Rogue, a member of the X-Men in American comic books published by Marvel Comics, has been included in almost every media adaptation of the X-Men franchise, including films, television series and video games.


Television

 Rogue appears in X-Men: The Animated Series, voiced by Lenore Zann. This version is a confident and flirtatious Southern belle who is in a romantic relationship with Gambit.
 Rogue will return in X-Men '97.
 Rogue appears in the Spider-Man episodes "The Mutant Agenda" and "Mutants' Revenge", voiced again by Zann.
 Rogue appears in X-Men: Evolution, voiced by Meghan Black. The character is reimagined as a sullen and reclusive teenage goth girl, as the series' producers believed her absorption powers would make her isolated, cynical and insecure due to her desire to get close to others. She was adopted by Mystique as a child and raised by Irene Adler in Caldecott County, Mississippi. Her real name is never revealed in the series. Rogue is initially tricked into joining Mystique's Brotherhood, but soon defects to the X-Men. Throughout the series, she bonds with her younger foster brother Kurt Wagner, strikes a friendship with her roommate Kitty Pryde, develops an unrequited crush on Scott Summers, grows jealous of Jean Grey for Scott's affections, becomes attracted to one of Magneto's Acolytes, Gambit, and forms a father-daughter bond with Logan after he helps her regain control of her abilities. In the series finale, Rogue absorbs and uses Dorian Leach's powers to neutralize Apocalypse and trap him in his tomb forever. In Professor Charles Xavier's vision of the near future, Rogue is shown flying, no longer wearing gloves, and in a relationship with Gambit.
 Rogue appears in Wolverine and the X-Men, voiced by Kieren van den Blink. This version is a reserved individual who views Logan as a surrogate father and initially appears as a member of the X-Men until the pair get into an argument over him leaving the X-Men, Charles Xavier and Jean Grey disappear under mysterious circumstances, and the X-Men disband. A year later, Rogue seemingly joins the Brotherhood of Mutants to oppose Senator Robert Kelly's Mutant Registration Act, creating a rift between her and Logan when he reforms the X-Men. She is eventually revealed to be working as a double agent and rejoins the X-Men to foil Magneto's plot to instigate war between humanity and mutants.
 Rogue makes a minor non-speaking appearance in the Marvel Anime: X-Men episode "Destiny - Bond".

Film

Rogue appears in 20th Century Fox's X-Men film series, portrayed by Anna Paquin. This version's real name is Marie D'Ancanto and originally lived in Meridian, Mississippi
 First appearing in X-Men, 17-year-old Rogue's abilities emerge while kissing her boyfriend, inadvertently putting him into a coma in the process.
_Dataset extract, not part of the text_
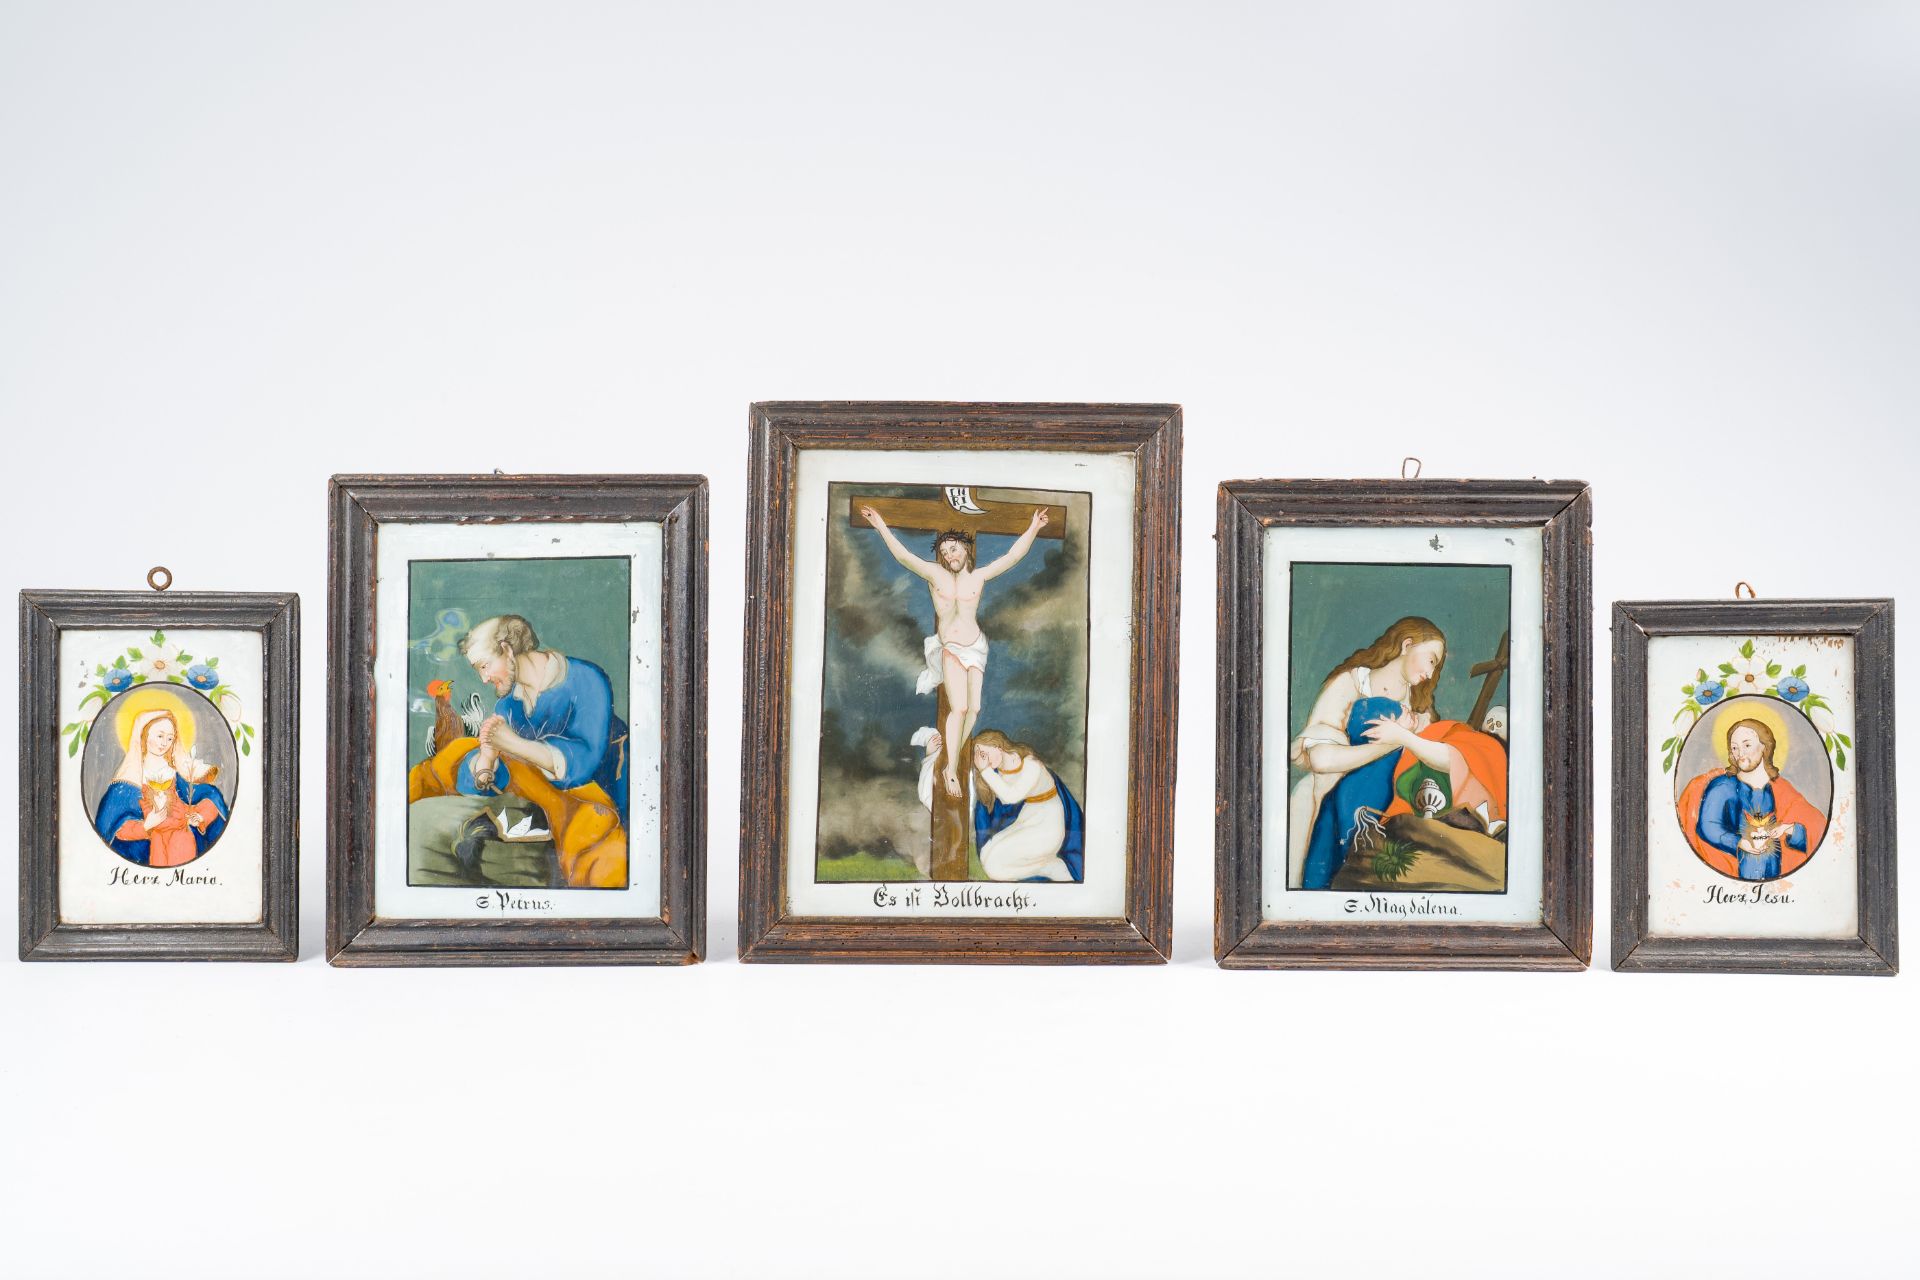 German school: Five different religious scenes, reverse glass painting, 18th/19th C. - Image 2 of 8

She runs away to Alberta, Canada, where she meets Logan before they attacked by Sabretooth and saved by the X-Men, who bring the pair to Professor Charles Xavier's School for Gifted Youngsters. Shortly after enrolling, Rogue befriends Bobby Drake, but is unknowingly convinced by Mystique disguised as Drake to leave the school, allowing Magneto to kidnap her and use her abilities to power his mutation-inducing machine. The X-Men rescue her, with Logan transferring his healing factor to her to save her, though she is left with a permanent white streak in her hair.
 In X2, Rogue begins dating Drake despite her powers while aiding the X-Men in stopping William Stryker from using Cerebro to kill every mutant on Earth.
 In X-Men: The Last Stand, Rogue becomes interested in a "mutant cure" developed by Worthington Labs due to her powers straining her relationship with Drake, who is growing closer to Kitty Pryde. After seeking Logan's advice, Rogue ultimately takes the cure. In an alternate ending, she refuses to take the cure.
 Rogue makes a cameo appearance in the theatrical cut of X-Men: Days of Future Past while helping the X-Men avert a post-apocalyptic Sentinel-controlled future. According to director Bryan Singer, the majority of her scenes had been cut from this version of the film as her subplot "became extraneous". The scenes were later included in the director's cut, also known as the "Rogue Cut". In this version of events, Xavier, Drake, and Magneto lead a rescue mission to save Rogue from Cerebro's heavily-guarded remains, though Drake is killed in the process. After Logan unknowingly injures Pryde while she is helping him change the timeline, Rogue absorbs her powers and takes over for her. Once the mission succeeds and the timeline altered in both versions of the film, Rogue's relationship with Drake is restored.

Video games
 Rogue appears as a playable character in X-Men II: The Fall of the Mutants.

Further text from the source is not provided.